Описываю наиболее яркие составляющие этой вспышкообразной мозаики в их более или менее хронологической последовательности.
Даренка
Было кое-что странное в самом моем рождении.
Мой отец провоевал всю войну. Каждый год – ранение, госпиталь, потом повышение в звании и возвращение на фронт. Последний осколок попал в пах, и врачи сказали, что у него никогда не будет детей.
После победы его не отпустили из армии, и он написал заявление с просьбой о демобилизации. Кто жил в России, понимает, что значило тогда написать такое заявление. Отца отдали под трибунал. Одно из чудес папиной жизни: в «тройке», которая и составляла трибунал, оказался друг его отца, который «отмазал» его от расстрела. В 46-м, разжалованный до капитана, мой отец вышел на волю. Видеть его изможденное лицо на фотографиях того времени – страшно.
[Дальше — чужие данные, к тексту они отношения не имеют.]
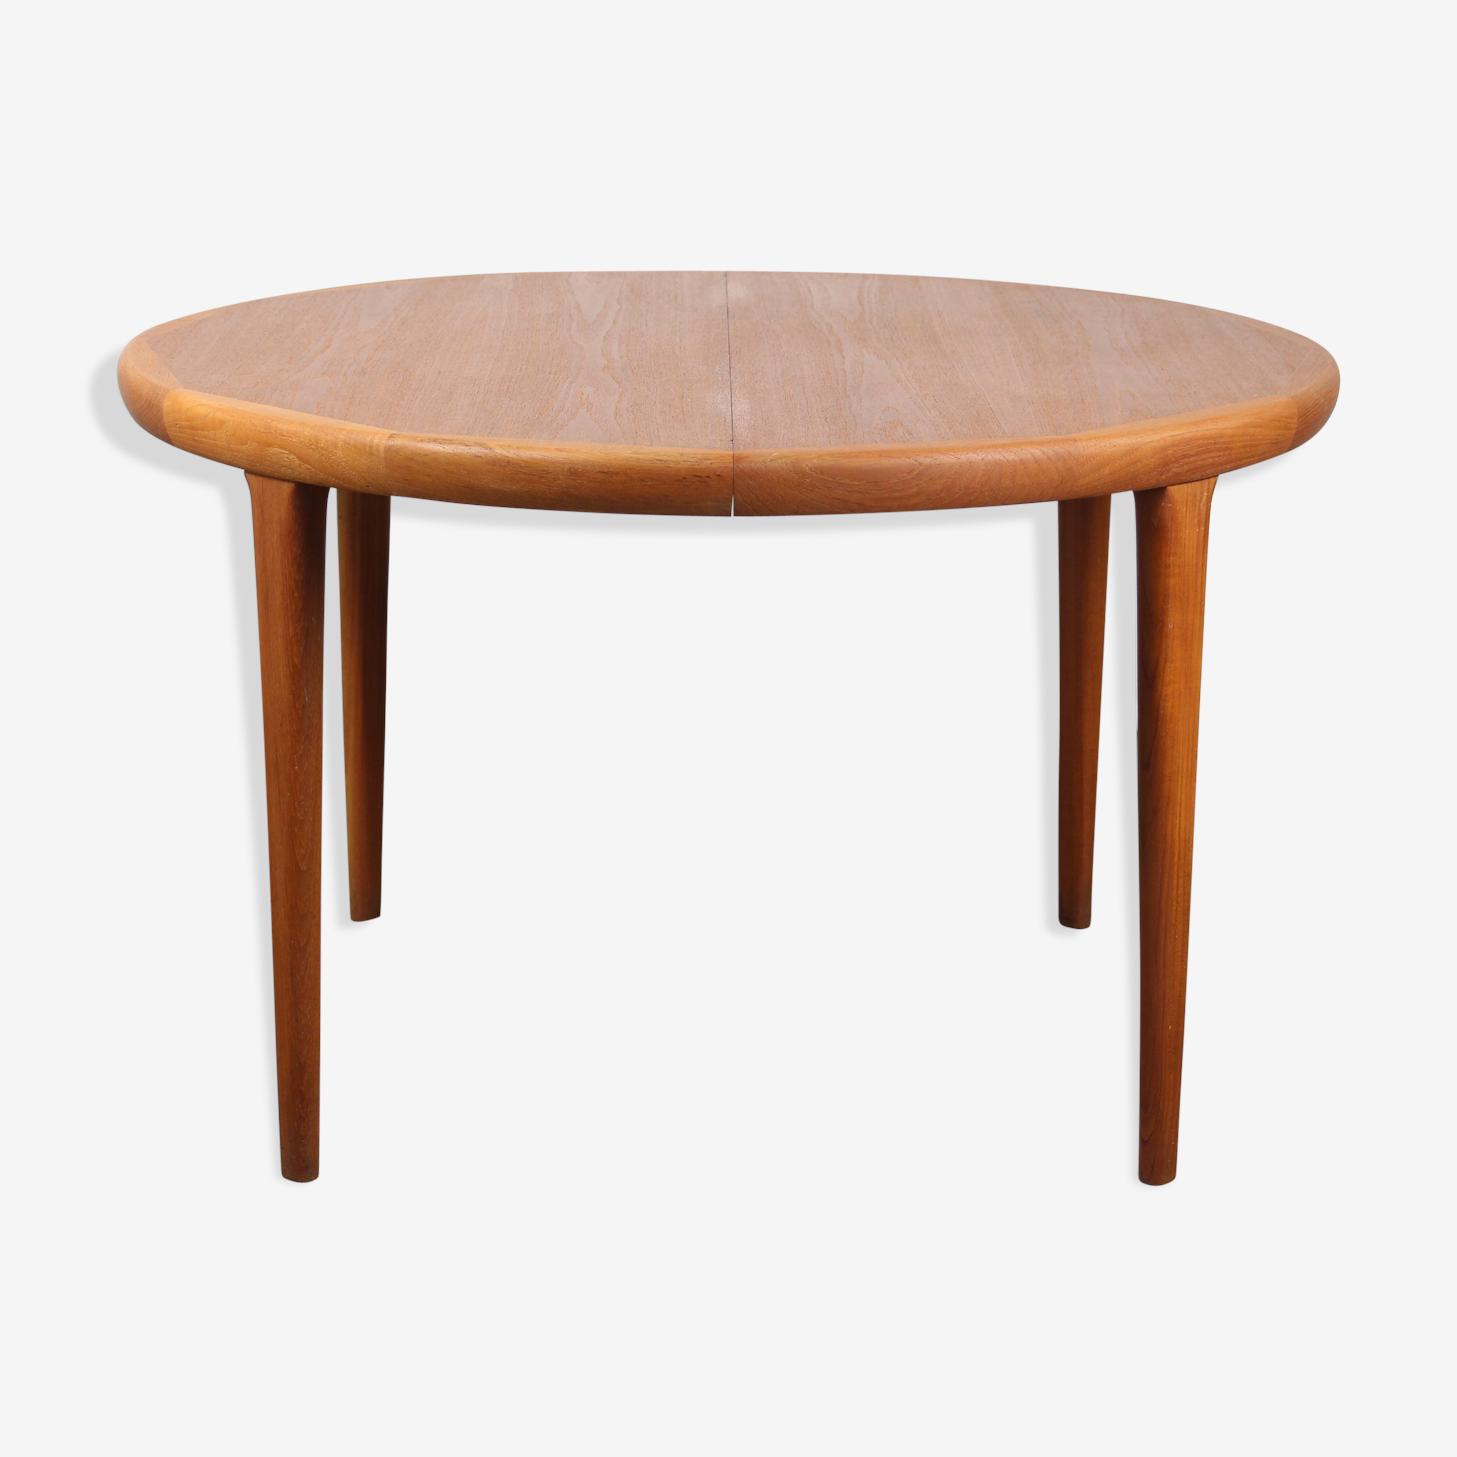 Table round Scandinavian teak
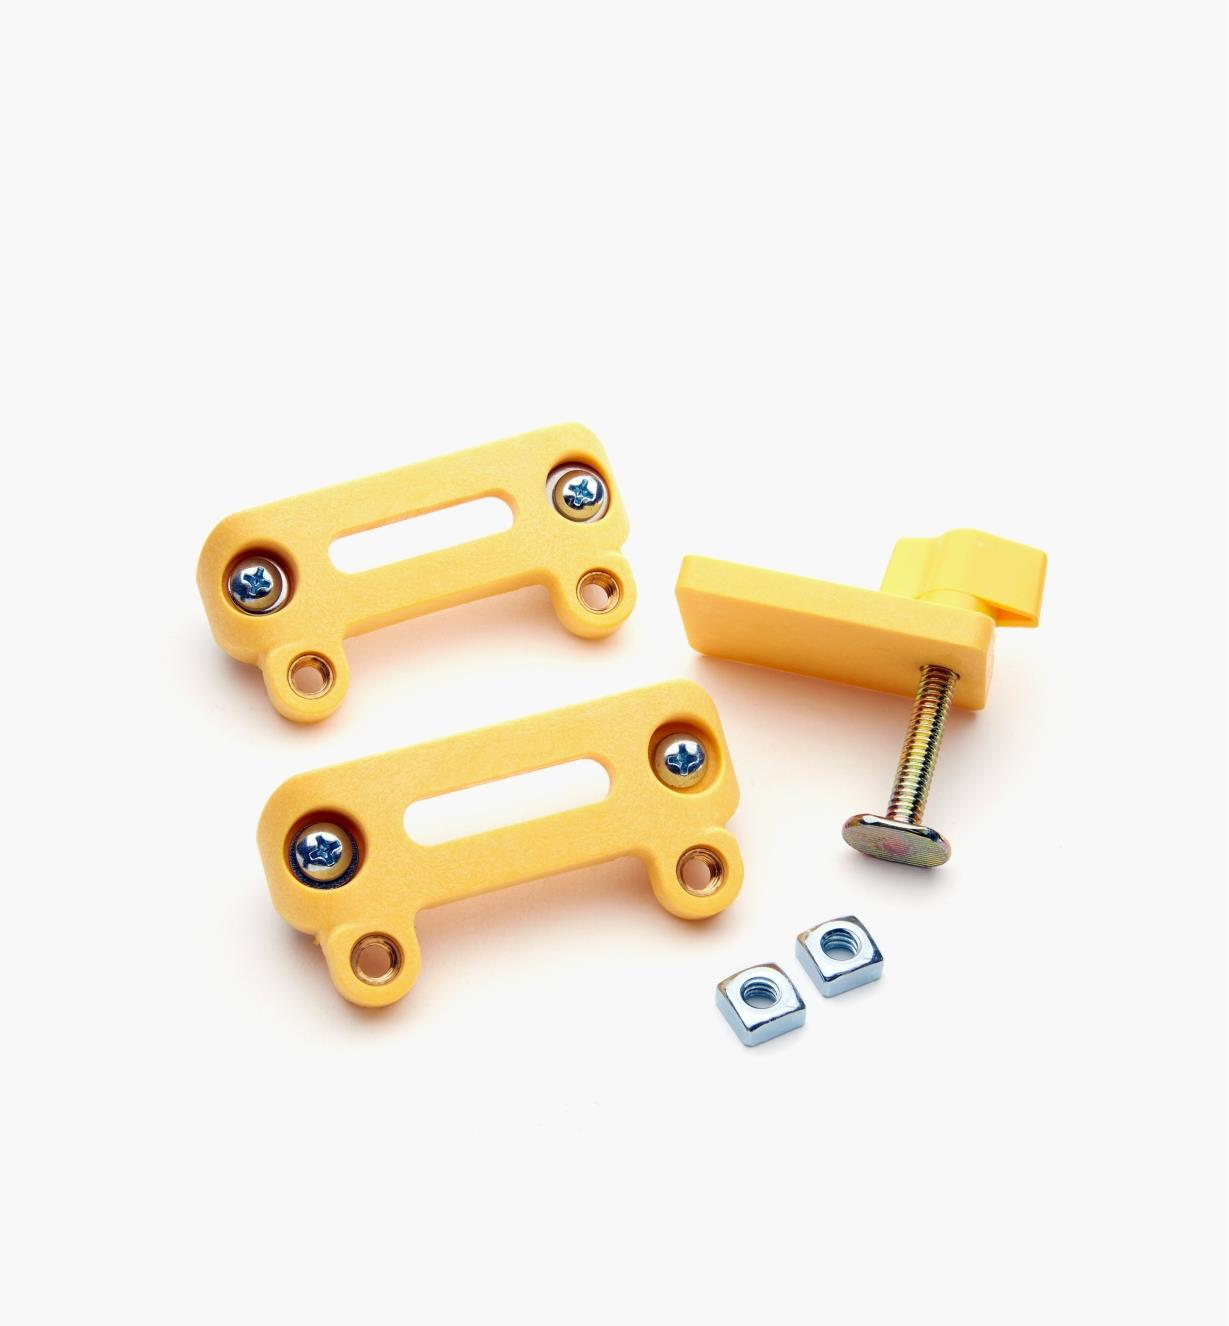 03J8013 - Handle Accessory Kit

В 48-м в возрасте 44-х лет отец начал дневник, назвав его ИТОГИ. На первых страницах он пересматривает всю свою жизнь, перечисляя короткими назывными предложениями события, имена людей и названия городов. В конце фраза: «И светлая Яся, что не для меня».
Светлая Яся – моя мама. Тогда это была худенькая девушка, голубоглазая альбиноска в очках с толстыми линзами. Она была на 20 лет младше отца, и он звал ее «девочка из детского сада». Их познакомила Лиза, сокурсница мамы по Истфаку МГУ. Лиза жила в одной квартире с вдовой папиного брата, Лёни, и там часто встречалась с папой. Она влюбилась в него, но вскоре поняла, что ее желаниям не суждено сбыться. И тогда она решила, что сама найдет ему подходящую жену.
– Я ни с кем из подруг его не знакомила, только с твоей мамой познакомила, – так сказала восьмидесятилетняя Лиза, уже совсем слепая, когда мы сидели летом на террасе нашей дачи в последний год ее жизни.
Маму по паспорту звали Унга, но это угрюмое имя настолько диссонировало с внешностью, что за ней прочно и на всю жизнь закрепилось имя Яся, которое было ей впору. Понятно, почему папа написал «Яся, что не для меня», ведь ему сказали, что детей не будет, и он, как честный человек, сообщил об этом той, которую полюбил. Мама очень огорчилась, потому что тоже его полюбила и хотела от него ребенка. И тогда она пошла советоваться к Зайцу.
Зайцем в Историческом музее, где мама тогда уже работала, звали Зою Александровну Огризко. Когда-то в комсомольской молодости она отреклась от своего отца-священника, а потом, потеряв маленького сына, вернулась к вере. В доме у нее стоял шкаф, в котором был иконостас, и многие в ГИМе про это знали, но никто ее не выдал. Наверное, она была мудрой женщиной, поэтому мама и пошла с ней советоваться.